There was plenty of adversity to the Pittsburgh series: too much Sterling Marte and A.J. Burnett, too little Bryce Harper. Yet still the Nationals looked like the better team when all was said and done, even without their best players on the field. The Pirates are capable of beating anyone and making life in the NL Central miserable for the Cardinals. They won their series against the Nationals in 2012 3-2 and recently swept the Atlanta Braves.

Pittsburgh has an obvious weakness in their bullpen. They lead the league in base-on-balls and a good team will exploit that and make them pay. On Saturday night the Nats veteran hitters took the PNC Park 012walks and let their team mates drive them in. Too often this season that strategy would have failed. But the younger Washington hitters took their game up a notch this weekend and made it work.

Although the two-run single by Wilson Ramos was the key hit in the game Saturday, the sacrifice flies won the game in the end. Tyler Moore’s was the decisive blow, but Ian Desmond and LaRoche got the runs home from the third base earlier in the game. There had been too many times in this young season when both LaRoche and Desmond would have gone down swinging in that situation.

The most pronounced trend in the game today is the proliferation of strikeouts. The current rates are at all-time highs. The modern hitter gets three strikes and he wants the most out of every one. Choking up on the bat to move the runner or shortening a swing to score the man from third seems a lost art at times. But the Nationals went back to fundamentals this weekend and the results were sweet.

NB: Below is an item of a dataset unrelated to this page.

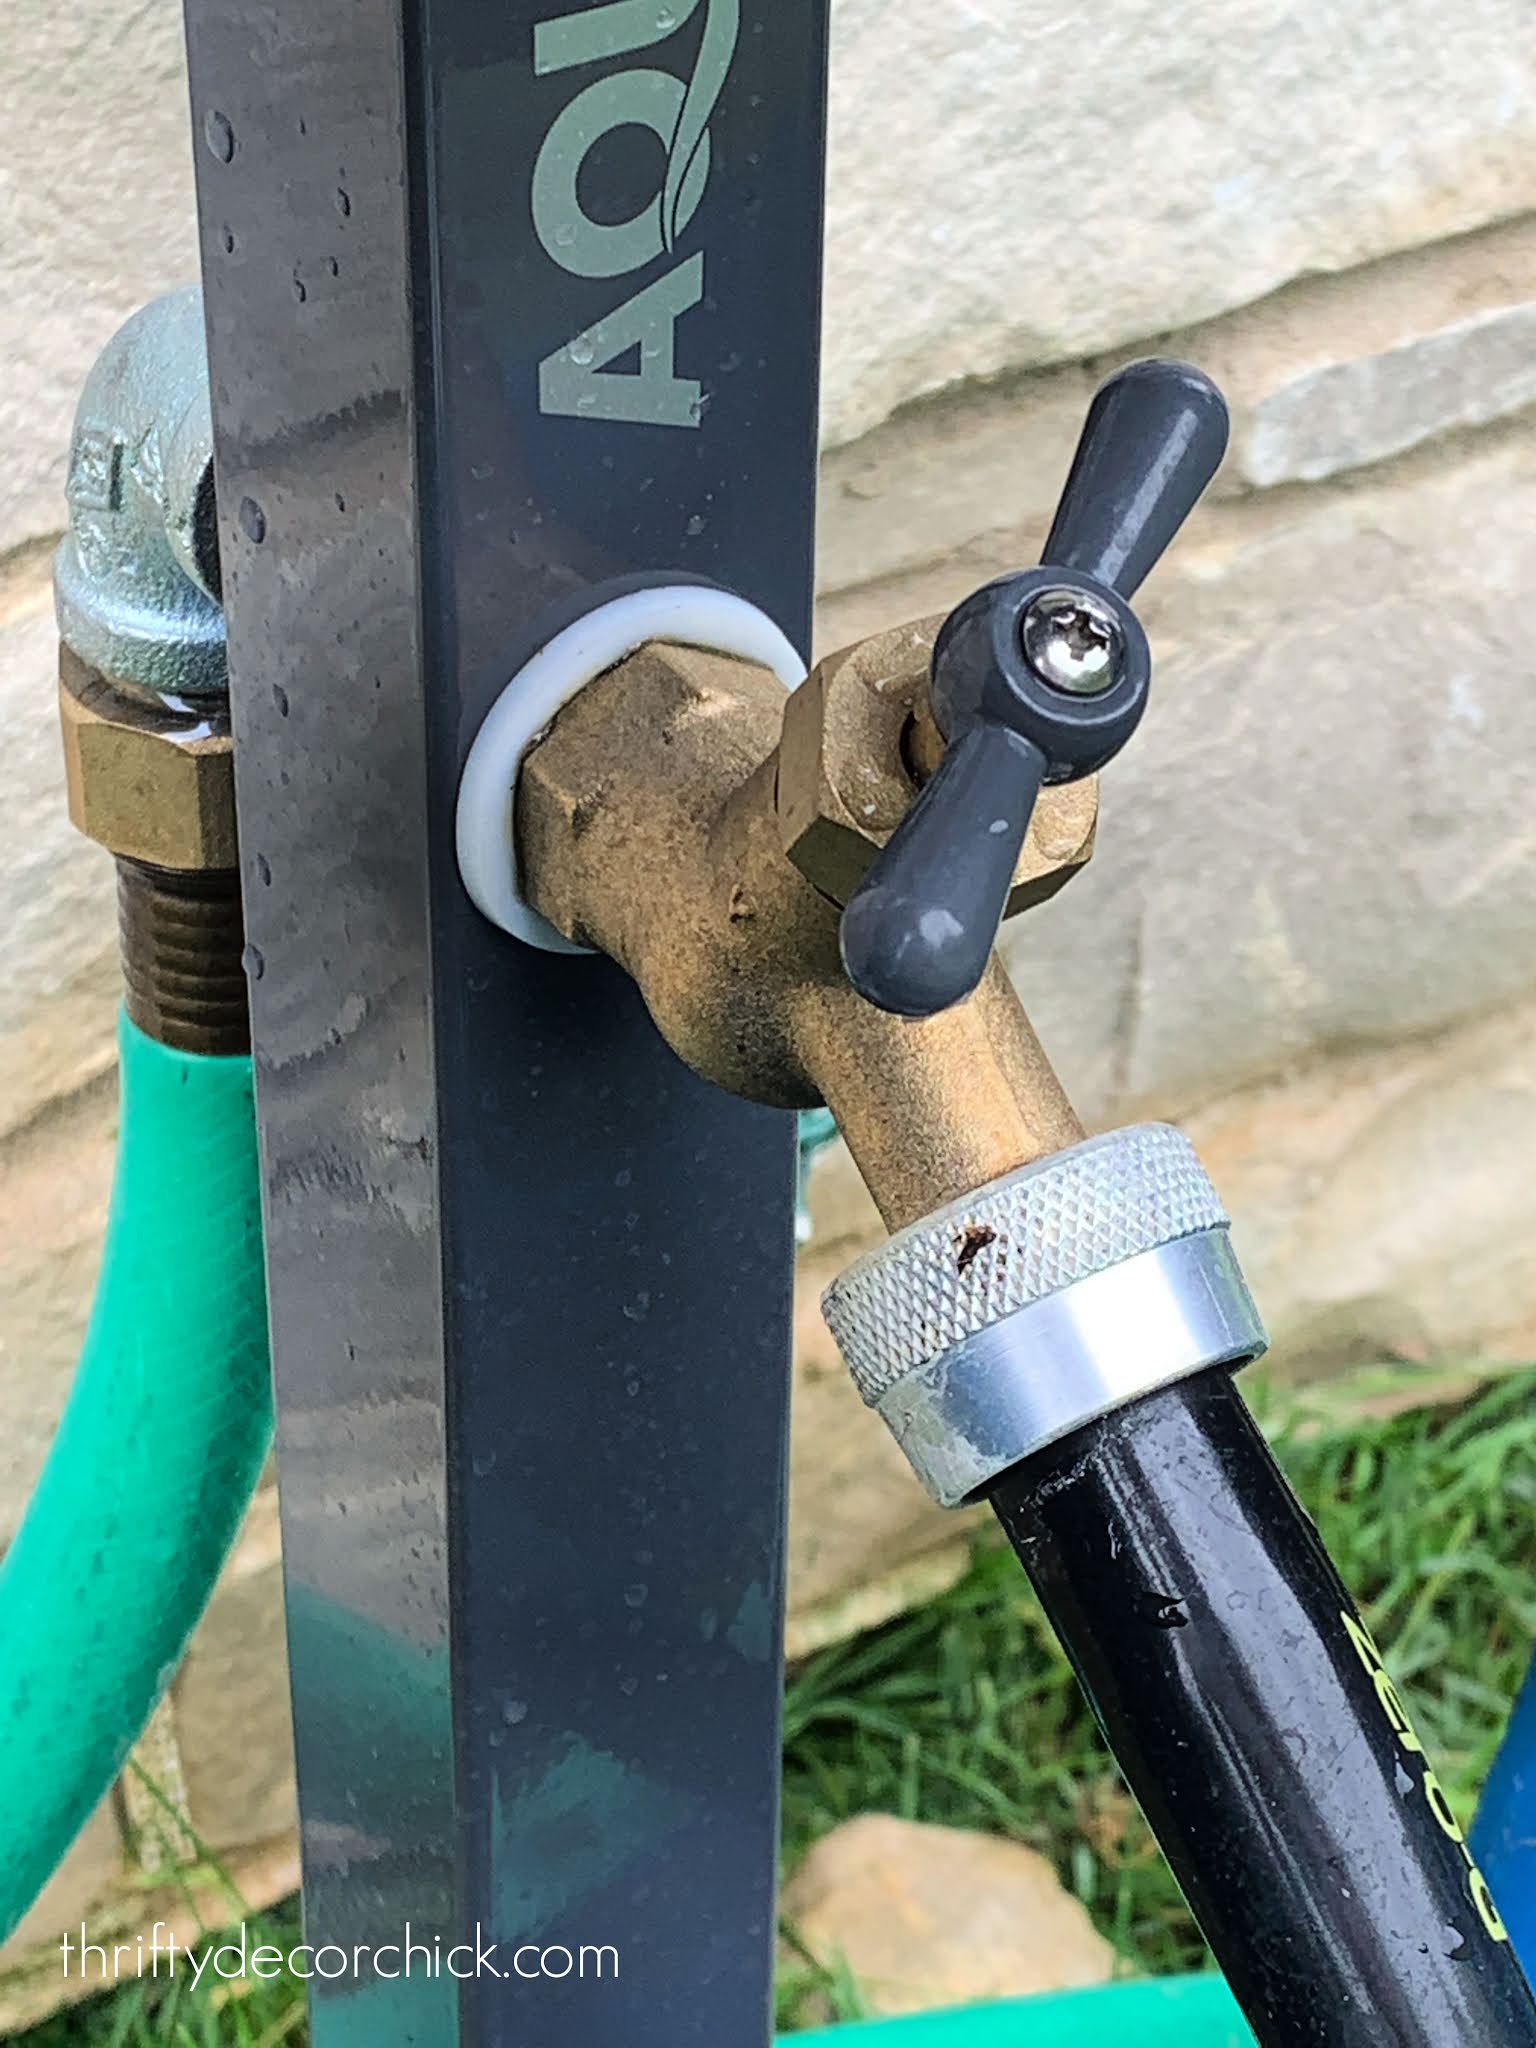 extend and raise hose bib
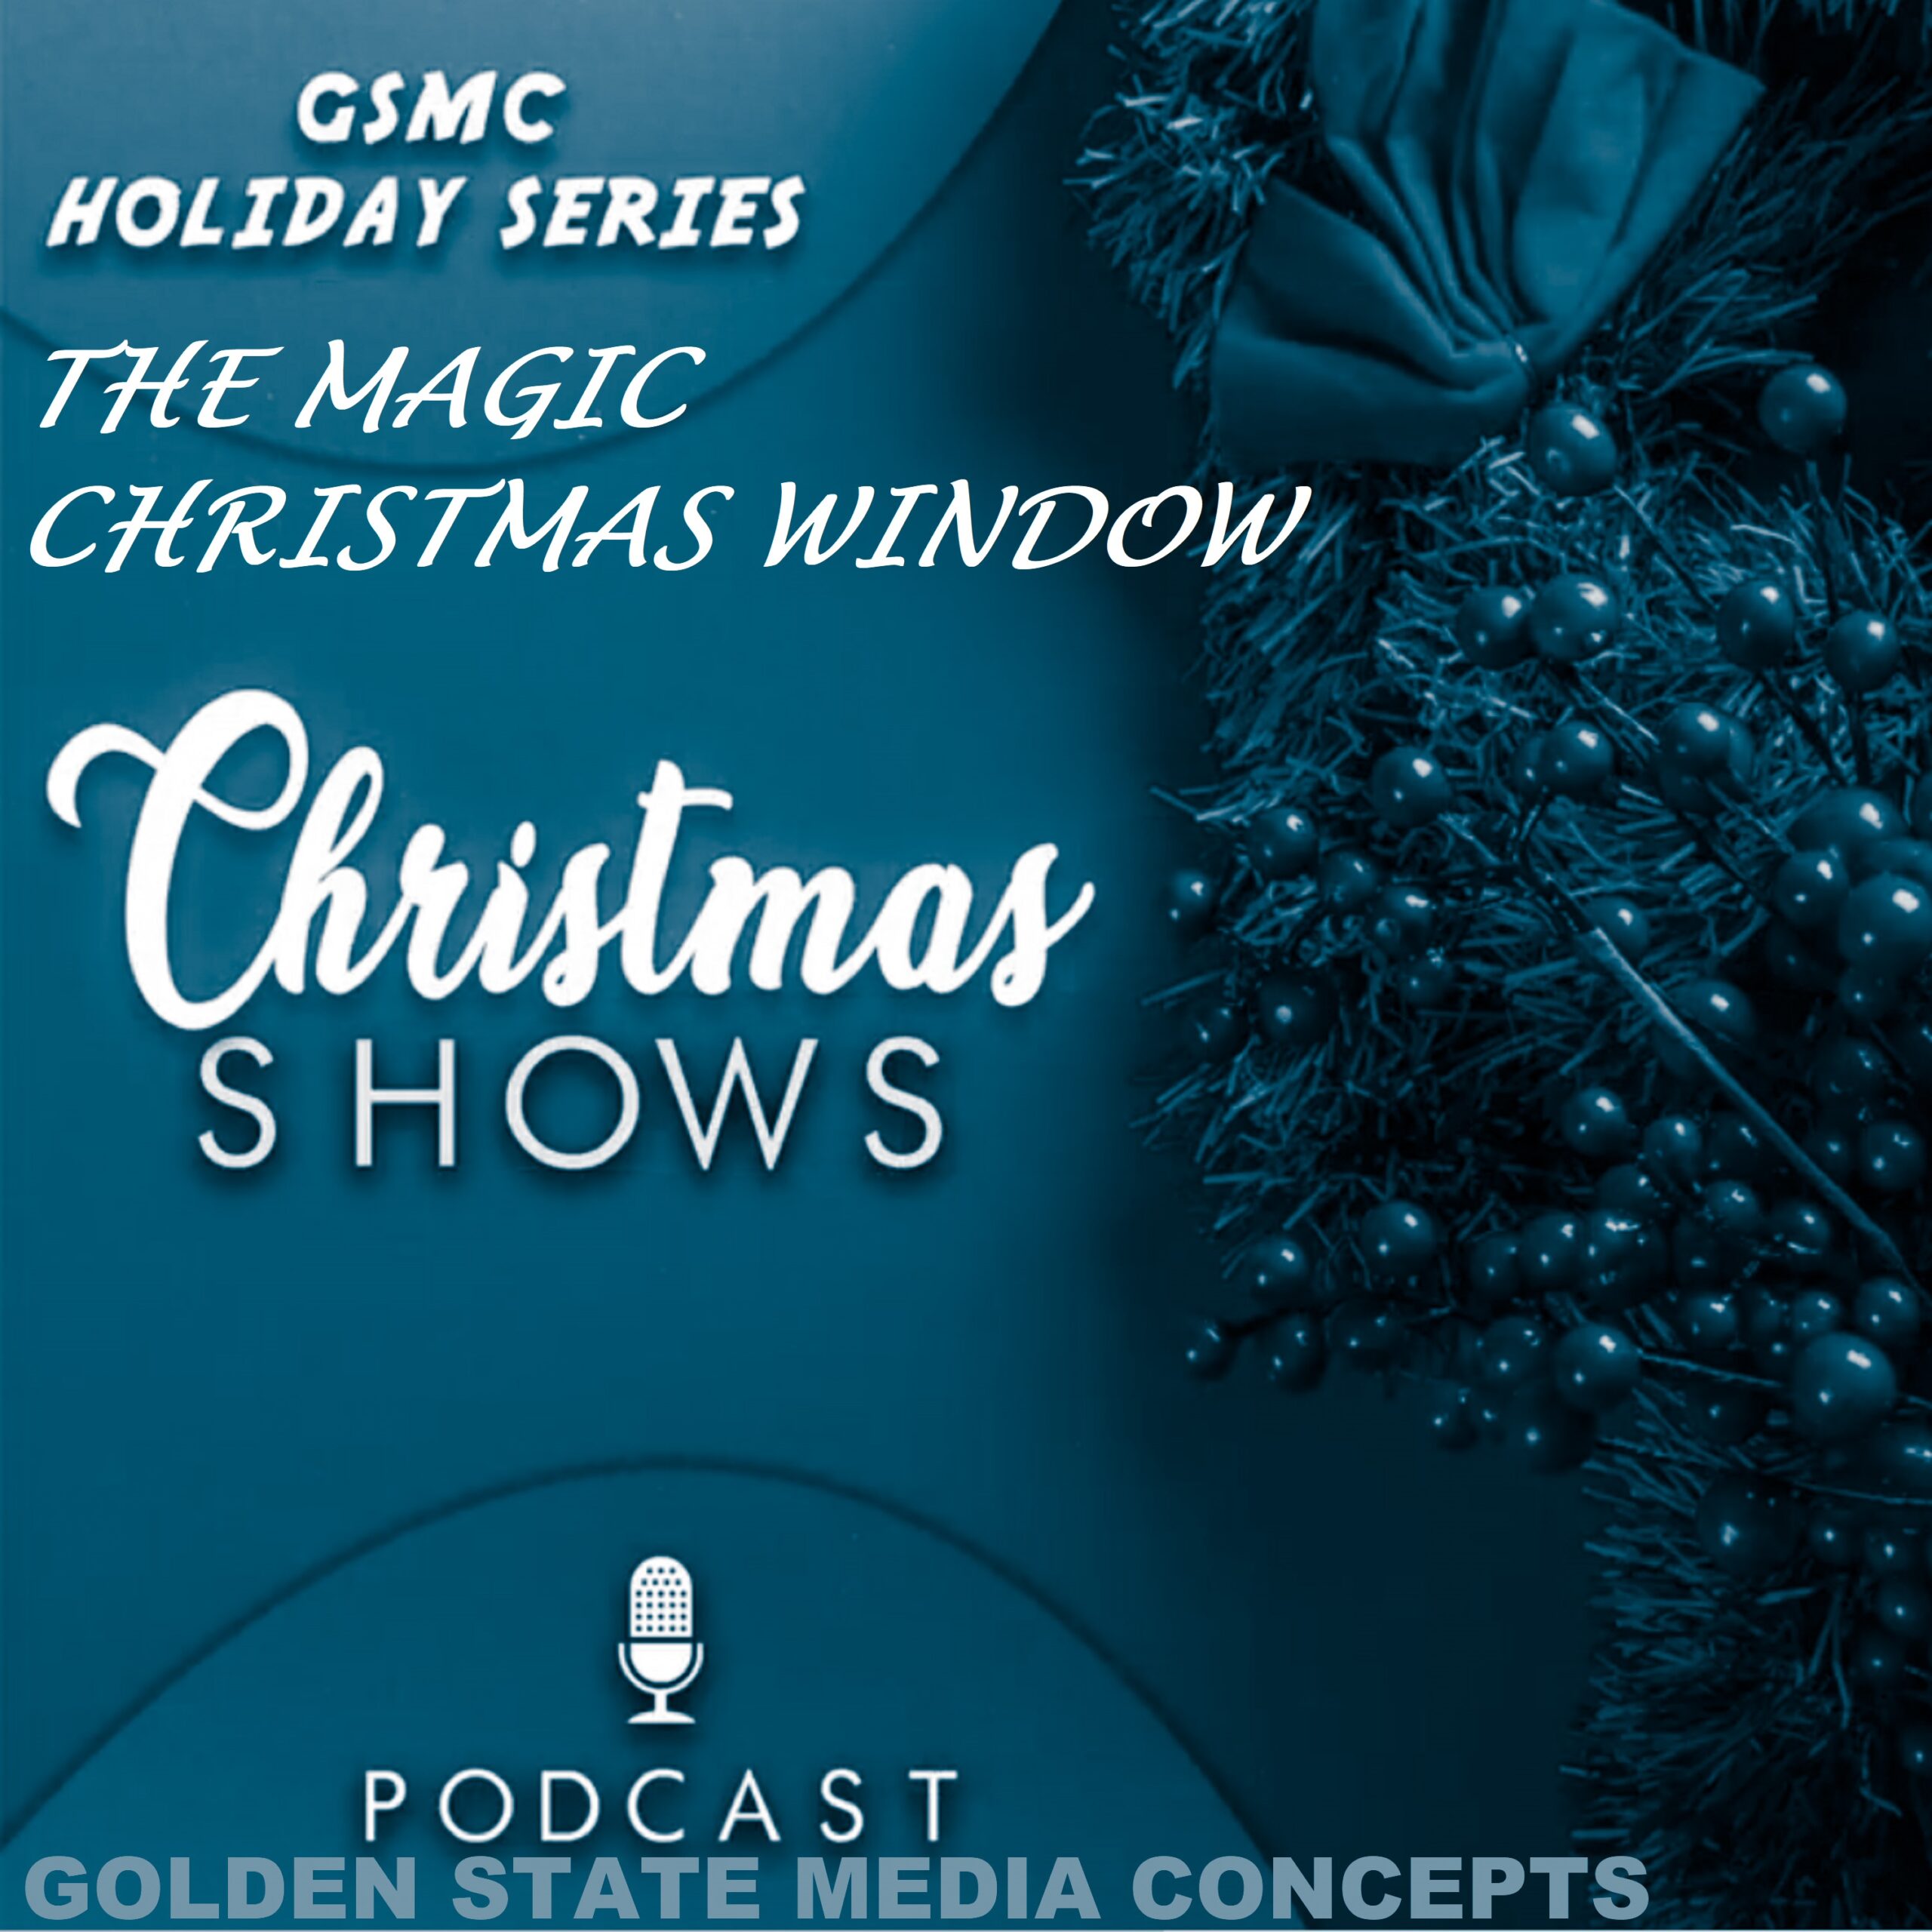 GSMC Holiday Series: The Magic Christmas Window

The prettiest at bats of the weekend belonged to Tyler Moore. He battled for every bit of success he had. It did not come easy. After the game winning sac-fly on Saturday, he looked just as lost at the plate on Sunday afternoon as he has all year. He struck out looking, uncertain what to do with pitches too close to take. But when the chips were out in the middle of the table, he was all in.

In the eighth inning the Pirates were chipping away at the Nats lead, behind by only a run. Drew Storen had been solid in the seventh, but so many leads have gotten away. Tyler Moore had one last chance. Pittsburgh walked Adam LaRoche intentionally, putting two runners aboard to get to Moore.

As he did the night before Moore battled his way deep into the at bat. With two strikes he fouled off a tough slider. Then the sixth pitch of the at bat he just tried to make contact. It was almost an excuse-me home run that somehow managed to carry the left field wall. He got enough wood on it, enough muscle behind it, to make the stands. And that was all she wrote.PNC Park 018

Early in the game Danny Espinosa hit a very different home run. The taught second baseman twitches when the pitcher throws the high hard one even when he doesn’t take the bait. He is the consummate modern hitter who wants to rip at everything. And when he connects the ball travels a long way like it did at PNC Park Sunday. His two-run home run in the fourth inning carried well into the left field stands, bounding into the concourse.

But his best at bat—perhaps all year–came in the second inning. He refused to chase two fastballs out of the zone and a curve in the dirt to get the count in his favor. Adam LaRoche had doubled Zimmerman to third after the Z-man took a walk. There was one out and Danny needed to make contact to get the run home, to move the narrative away from the horrible first inning that Gio Gonzalez somehow survived. Any kind of base hit would have been a huge victory and Espinosa made solid contact on the third fastball. It was still an out, but one that scored a run. Another sac-fly, one that tied the score and erased any lingering trace of Gio’s near disaster.PNC Park 025

When a team or player is at their best they say the game is slower. Some of the young Nationals players looked like they were moving just a bit slower this past weekend. They stole bases not on their speed but by picking their chances against a weaker catcher. They were not playing slow baseball so much as smart baseball, and it made all the difference in the world.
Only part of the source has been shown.